Adam Smith, un pensatore di destra o di sinistra?
Riceviamo e volentieri pubblichiamo da Federica Pontremoli
A trecento anni dalla nascita di Adam Smith, comunemente considerato ai nostri giorni uno dei padri fondatori dell’economia politica classica, numerosi sono i dibattiti sorti sul suo conto, sia su chi possa configurarsi come un suo degno erede contemporaneo, sia sull’orientamento politico delle sue idee.
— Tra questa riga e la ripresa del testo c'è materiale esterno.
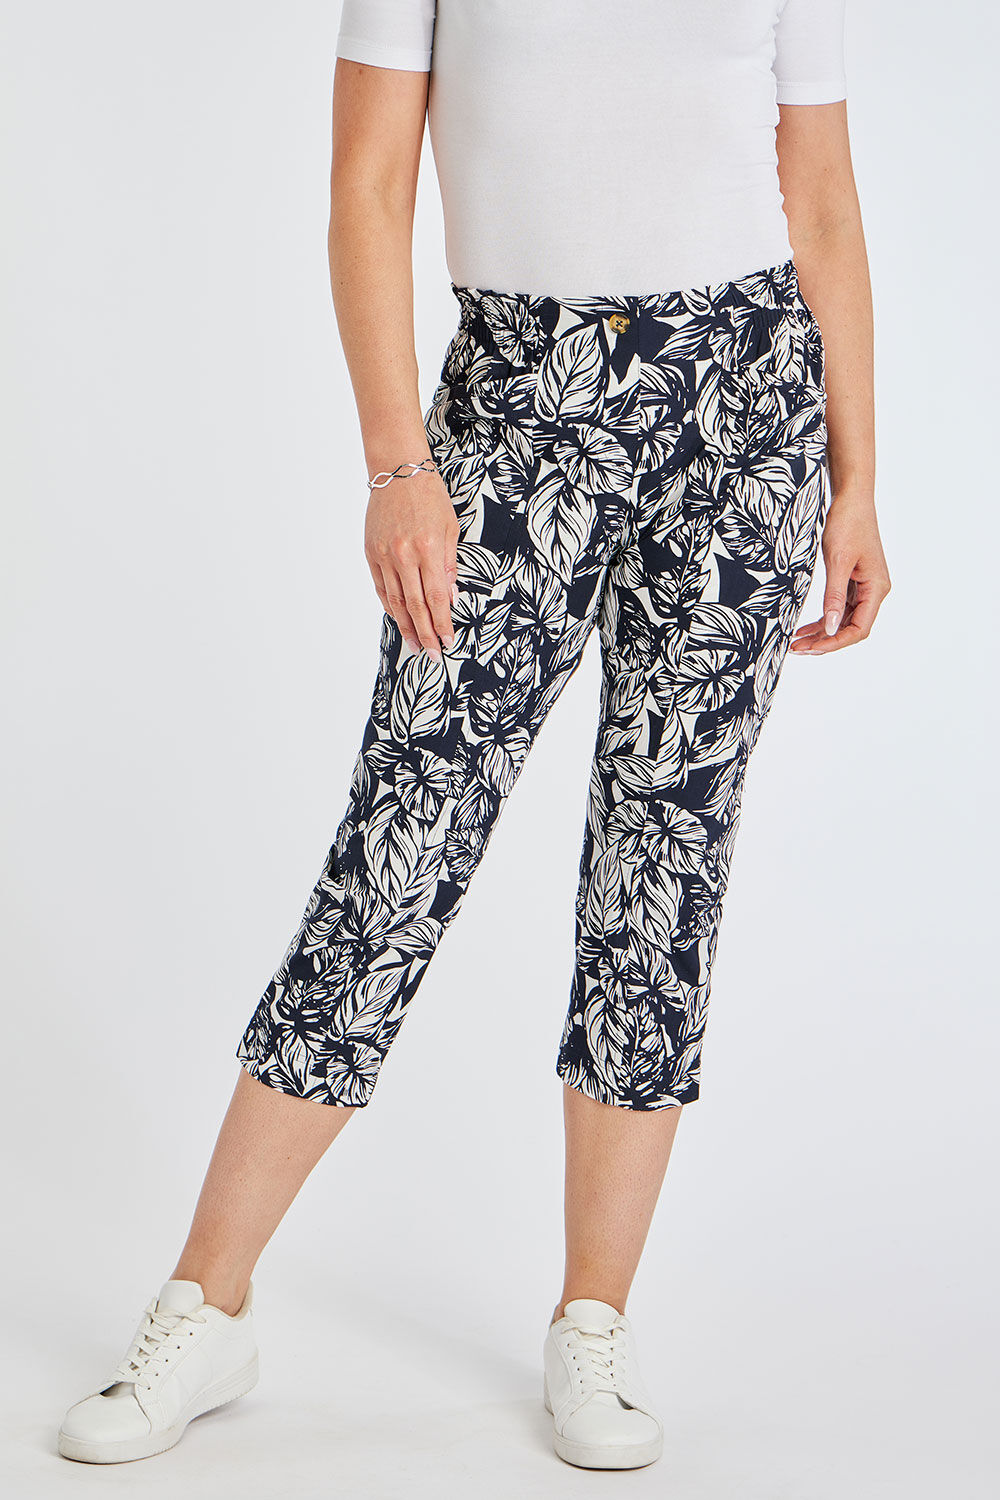 Bonmarche Navy Leaf Print Elasticated Back Essential Cropped Trousers, Size: 16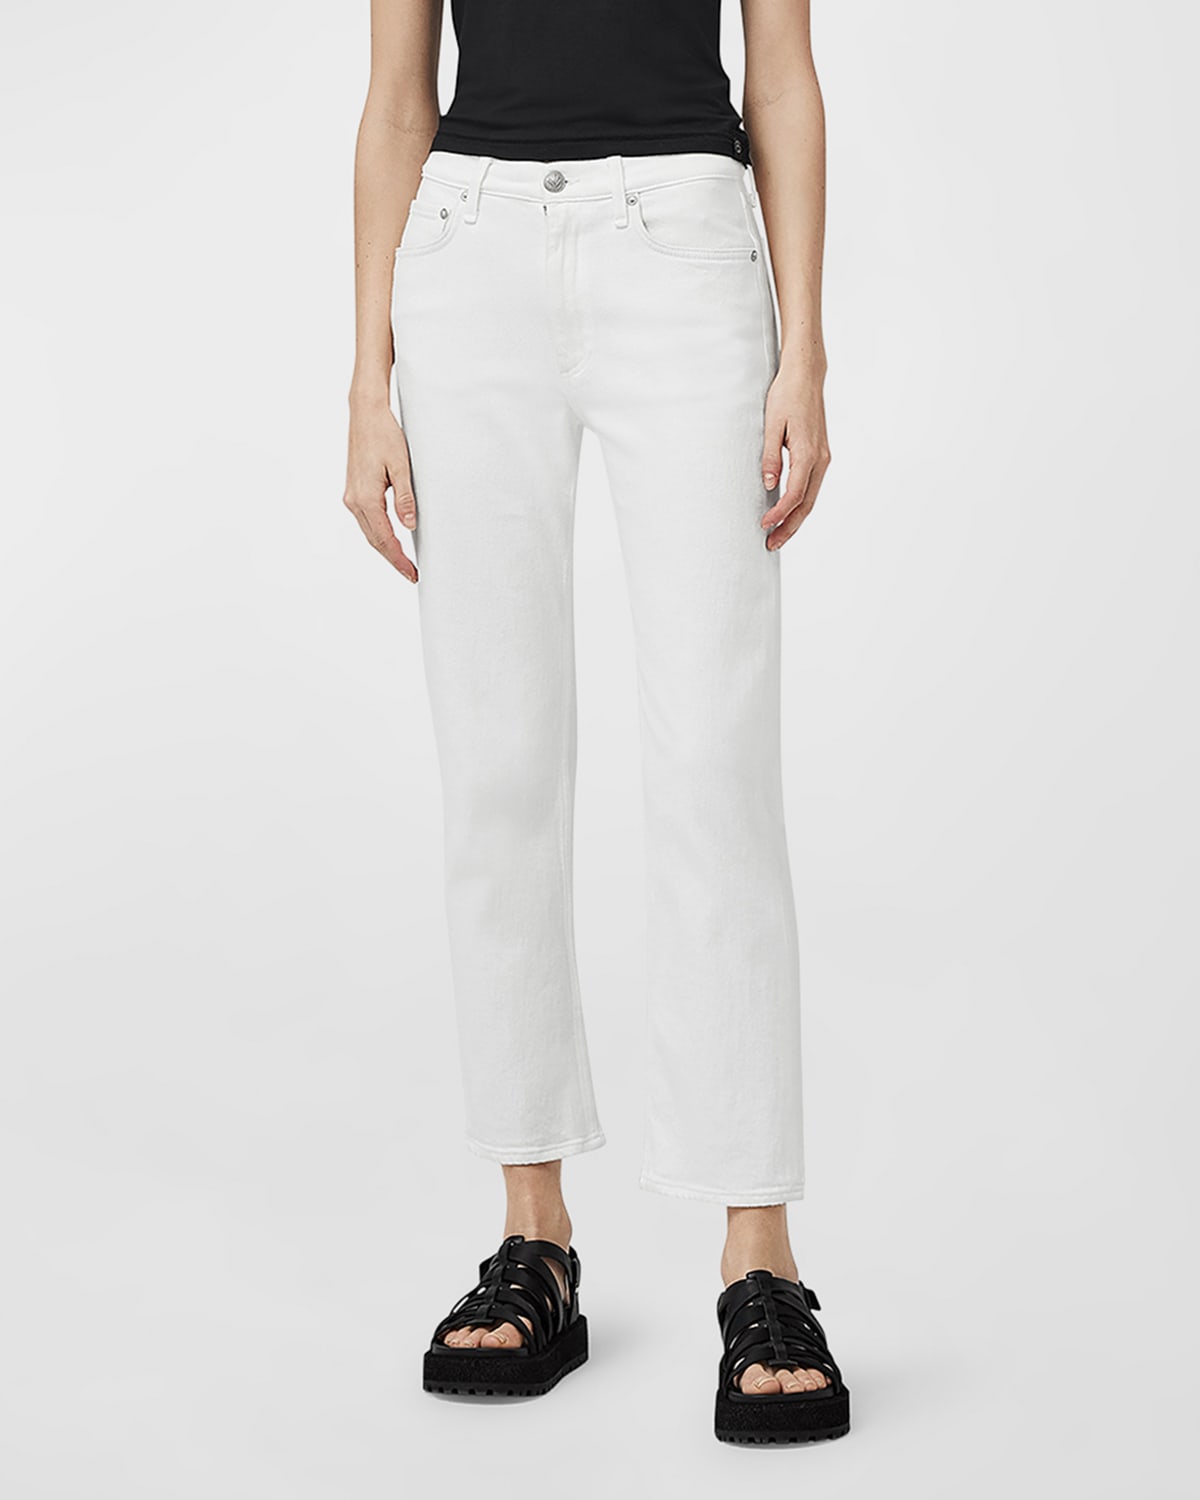 RAG & BONE HARLOW MID-RISE STRAIGHT ANKLE JEANS

Su questi ed altri temi, legati alle teorie del filosofo morale scozzese, è intervenuto Daniel B. Klein, professore di economia presso la George Mason University e autore del libro Smithian Morals, alcuni giorni fa presso la sede milanese dell’Istituto.
Un certo egualitarismo, un certo scetticismo rispetto all’esistenza di diversità naturali, secondo molti mal si coniugherebbero con un pensatore riconosciuto come liberale e contiguo ad ambienti conservatori di destra. Con queste parole sono state esposte, in fase introduttiva, alcune delle possibili motivazioni, sulla base delle quali molti riterrebbero che Smith fosse più orientato verso idee politiche di sinistra di quanto si è soliti pensare nell’immaginario comune.
Daniel Klein, passando in rassegna le tesi di svariati critici ed autori, quali Fleischhacker, Rasmussen, McLean, Ginzberg, Rothschild, Sen e Martin, ha analizzato le principali componenti che accosterebbero Smith ad un pensiero riconducibile all’area progressista. La sua forte credenza nell’interventismo per modificare lo status quo, la redistribuzione, il welfare state come modello di Stato a sostegno dei cittadini, con tutta la sua tipologia di programmi governativi, interventi e incentivi proposti, questi sono gli aspetti messi in risalto per collocare Smith nel campo della sinistra. Uno dei principali problemi legati ai sostenitori dello Smith di sinistra, ha puntualizzato Klein, è che, talvolta, nell’esporre le loro tesi, finiscono per contraddirsi “con le loro stesse mani”, in quanto, nella maggior parte dei casi, tali tesi risultano prive di attinenza tra la realtà dei fatti e il pensiero dello stesso Smith.
Klein ha poi elencato alcune delle critiche che possono essere mosse alla “sinistra smithiana”. da questi autori emerge una visione in cui Smith è delineato come un fervente sostenitore dell’egualitarismo, in particolare seguendo i principi di uguaglianza da anteporre al lavoro svolto e di parità sostanziale di ogni individuo. Inoltre, gli studiosi della smithologia di sinistra sono soliti basarsi di frequente sui principali assunti economici professati dal filosofo scozzese, ovvero il legame dei mercati con presupposti di tipo morale, culturale ed istituzionale, il totale diniego dell’avidità e il suo essere completamente all’opposto di un laissez-faire dogmatico.
Il quesito ora rimane aperto e alla libera interpretazione di ciascuno. Smith deve restare nell’immaginario collettivo come un pensatore liberale classico di destra o le sue idee possono talvolta essere incasellate in una visione più orientata a sinistra? Forse la risposta sta in realtà nel fatto che, come ha argomentato Klein, è errato etichettare Smith come sostenitore delle idee di sinistra, senza che ciò implichi necessariamente un suo posizionamento a destra. Alla luce delle considerazioni fatte, la chiave di lettura più corretta è, probabilmente, quella che pone al centro le idee ed il pensiero critico di Adam Smith, come modalità di interpretazione dei fenomeni del panorama economico e sociale contemporaneo, indipendentemente dall’orientamento politico con il quale si è cercato e si cerca tuttora, invano, di etichettarlo.